With GGUF: The acceleration provided by SageAttention is significantly lower than with FP8 models and may sometimes not take effect at all, since GGUF formats are primarily designed for CPU‑optimized inference and do not fully leverage the GPU kernels of SageAttention.
→ Disable --use-sage-attention.
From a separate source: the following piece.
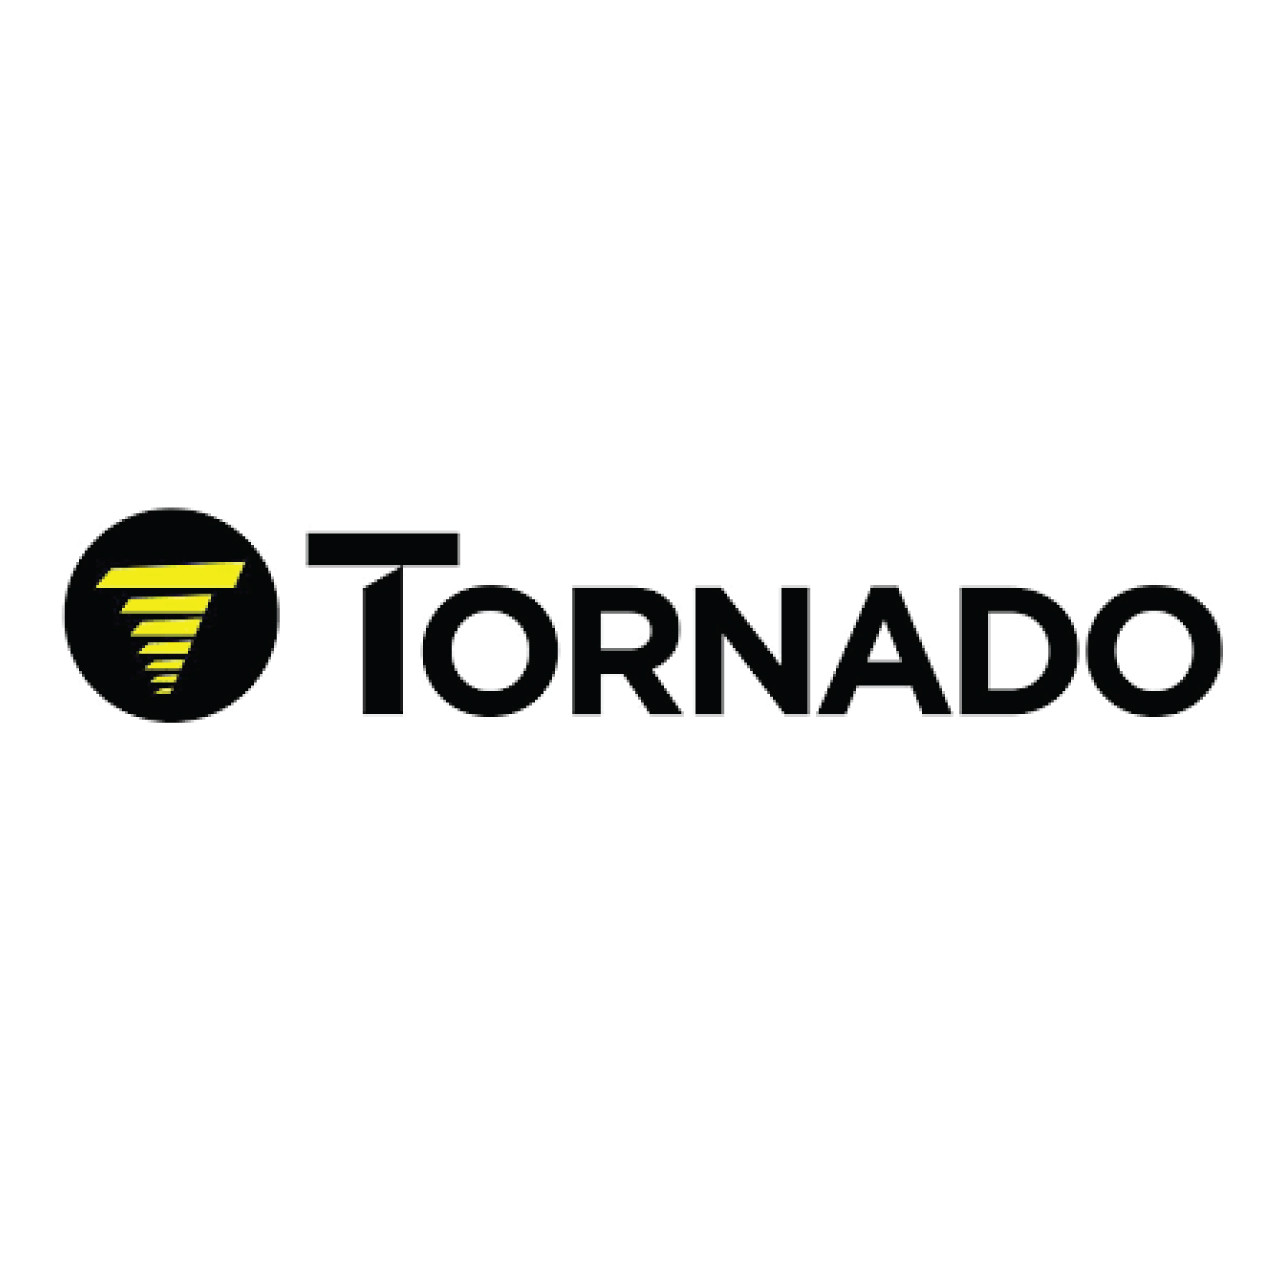 49330090, Tornado 49330090, Tornado Vacuum Motor, Tornado parts

Instead, use --fast (standard PyTorch optimization) and rely on the internal optimizations of the GGUF Nodes(backend).

Check Triton installation (Windows):

.\python_embeded\python.exe -m pip show triton

If not installed:

.\python_embeded\python.exe -m pip install triton-windows

GPU-specific SageAttention versions:

GPU Series	Version	Reason
RTX 30xx (Ampere)	1.0.6	Version 2.x offers no performance improvement
RTX 40xx (Ada)	2.2.0	Primarily optimized for these or newer architectures

Installation:

# RTX 30xx
.\python_embeded\python.exe -m pip install sageattention==1.0.6

# RTX 40xx
.\python_embeded\python.exe -m pip install sageattention==2.2.0

💡 Tip: New to SageAttention 2.2.0 installation?
🔗 GitHub (right-click to open in new tab)
Check out this 🔧 Installation Guide: SageAttention + Triton for ComfyUI

Performance

Test Setup:
Guidance: 4 | Steps: 20 (Production: 30-40 Steps)
Based on: ~80 runs with different resolutions

First Run Initial loading of required layers into VRAM|RAM, first inference; Further inferences are then significantly faster as memory management is already initialized. Exact timings, loaded partially etc. see Console-Output / Screenshots.